Let me point out here that Rude was a glorified zine. It was glossy and boasted a color cover, we had distro in places like Tower, Borders, Barnes & Noble, but for all intents and purposes, Rude was a zine. I threw the Joe interview idea in the editorial section of the proposal anyway.

Tim read it when he got back from tour, and thought it was worth a try. He asked his managers if they knew anyone. It turned out that John Doe from X had something to do with the Clash tribute album that was coming out and one of the Bosstones' managers was friends with John. She got in touch with him, and he got us Joe's manager's number. Tim spoke to him and he said we didn't have a chance of getting an interview. "Joe doesn't do interviews and he hasn't in a long time. Sorry." I told Tim to send the guy the magazine anyway, maybe it would help if he saw it. This was me being cocky, but I thought, what the fuck. Joe might not want to talk to bullshit corporate rags but maybe he would dig our little punk rock mag.

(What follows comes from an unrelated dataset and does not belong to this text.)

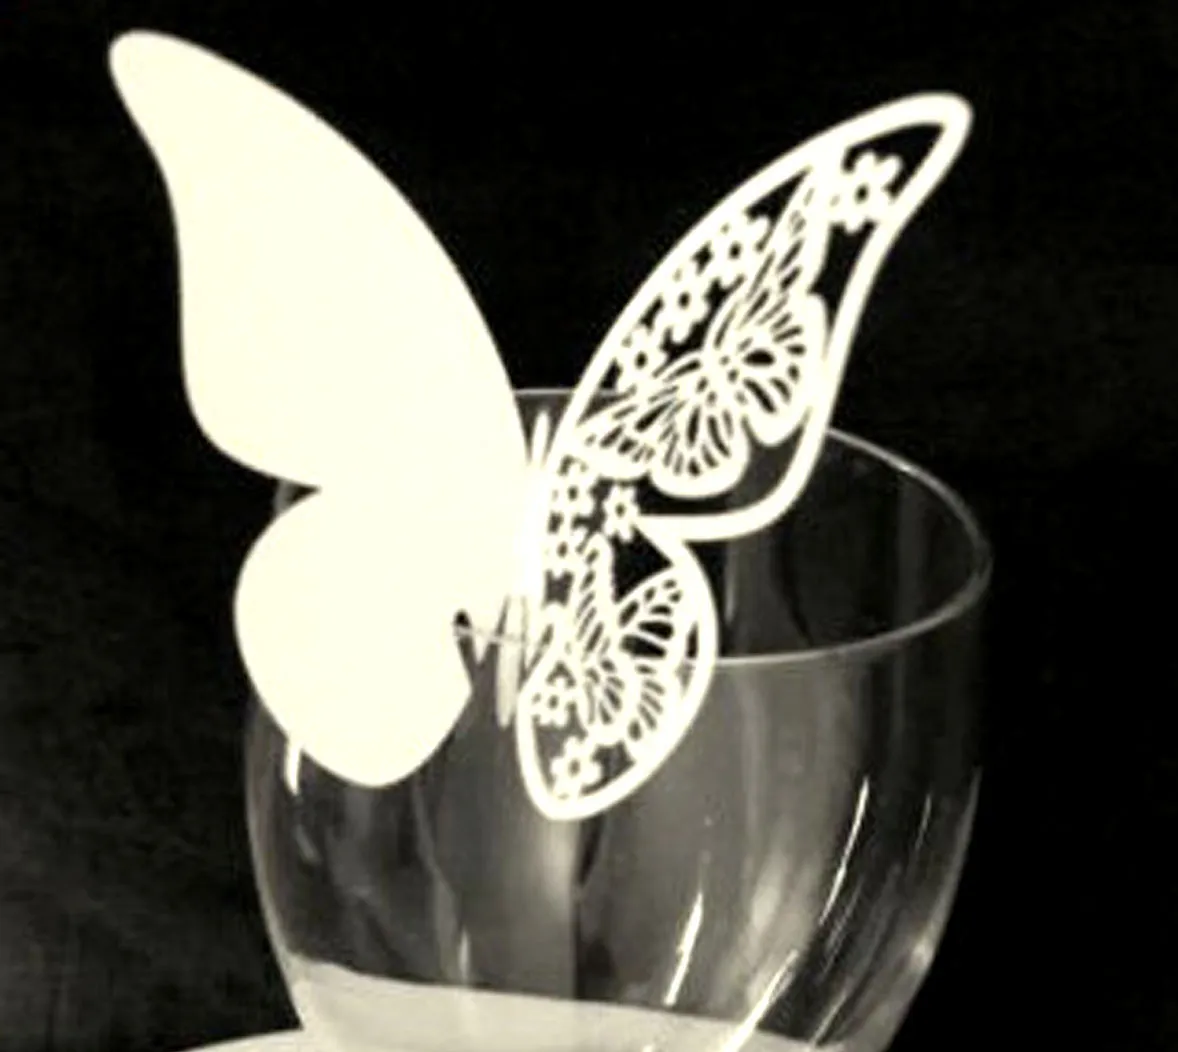 50 pz / lotto Hollow Butterfly Cup Card Decorazione Bicchiere da vino Carta tagliata al laser Nome Posti a sedere Carte Favore Festa di nozze Baby Shower Decorazioni da tavola JY0872

Tim mailed the guy the magazine and a few days later Joe's manager called. He said that he loved the magazine, that it was fucking awesome, and that he would try to get us the interview within the year. He said he knew Joe would do it for us. I was psyched. Within the year seemed like a long time but a hell of a lot better than nothing. And I was proud that Joe's manager liked our magazine.

A week or so later I was walking past Tower Records and saw a sign in the window that said the Bosstones were going to be getting a gold star on the walk of fame in front of Tower. Tim had never mentioned this to me and when I brought it up to him and said congratulations, I think that's cool, he just kind of shrugged it off and went yeah, whatever, like he always did. Nothing ever phased Tim.

I mentioned it to my friend Jay who worked at Rude with us and he said "Yeah, they're trying to get someone to present it like maybe someone famous but we're not sure who. Dicky was thinking of Mr. Butch." Mr. Butch was a Boston legend. He was a very tall, thin, homeless rasta guy with long dreads. He wore a long grey tweed overcoat with "Mr. Butch" written on the back in white letters and he hung out in Kenmore Square all day sparing change and smoking pot. It was local legend that if you gave him a quarter it was good luck. When they razed half of Kenmore (including the Rathskeller, the best punk club in Boston), Mr. Butch got displaced and had to move to Allston, but that's another story entirely.

So Mr. Butch was a real character and I thought it would be great if they got him to present it. But there was no final decision yet.

A few days later Tim told me "Don't tell anyone but I found out this morning who is going to present us with the star." "Who?" "Joe Strummer." "No fucking way." "Yeah, but it's a secret so don't tell anyone." Tim had already made contact with Joe's manager, and the Bosstones were all big Clash fans, so they thought hey - let's see if we can get Joe here, present the band with the star, and Tim could also get the interview for the mag. Turns out Strummer liked the Bosstones and was totally down with a trip to Boston to come hang out.

By the next week the word was out - far from being a secret, they were going to hang up a sign in Tower about it, tell radio stations, that kind of thing. Then it hit me -- I was going to see Joe Strummer and maybe even get to meet him. I did realize, however, that if anyone interviewed Joe, it was going to be Tim, not me. I'd told Tim originally that if we got the phone interview I wanted to do it. He said sure. But this was different now because Joe was coming to town for the Bosstones and Tim was the one who asked for the interview. He was in the Bosstones and I wasn't anyone in all this, just some kid who did a magazine.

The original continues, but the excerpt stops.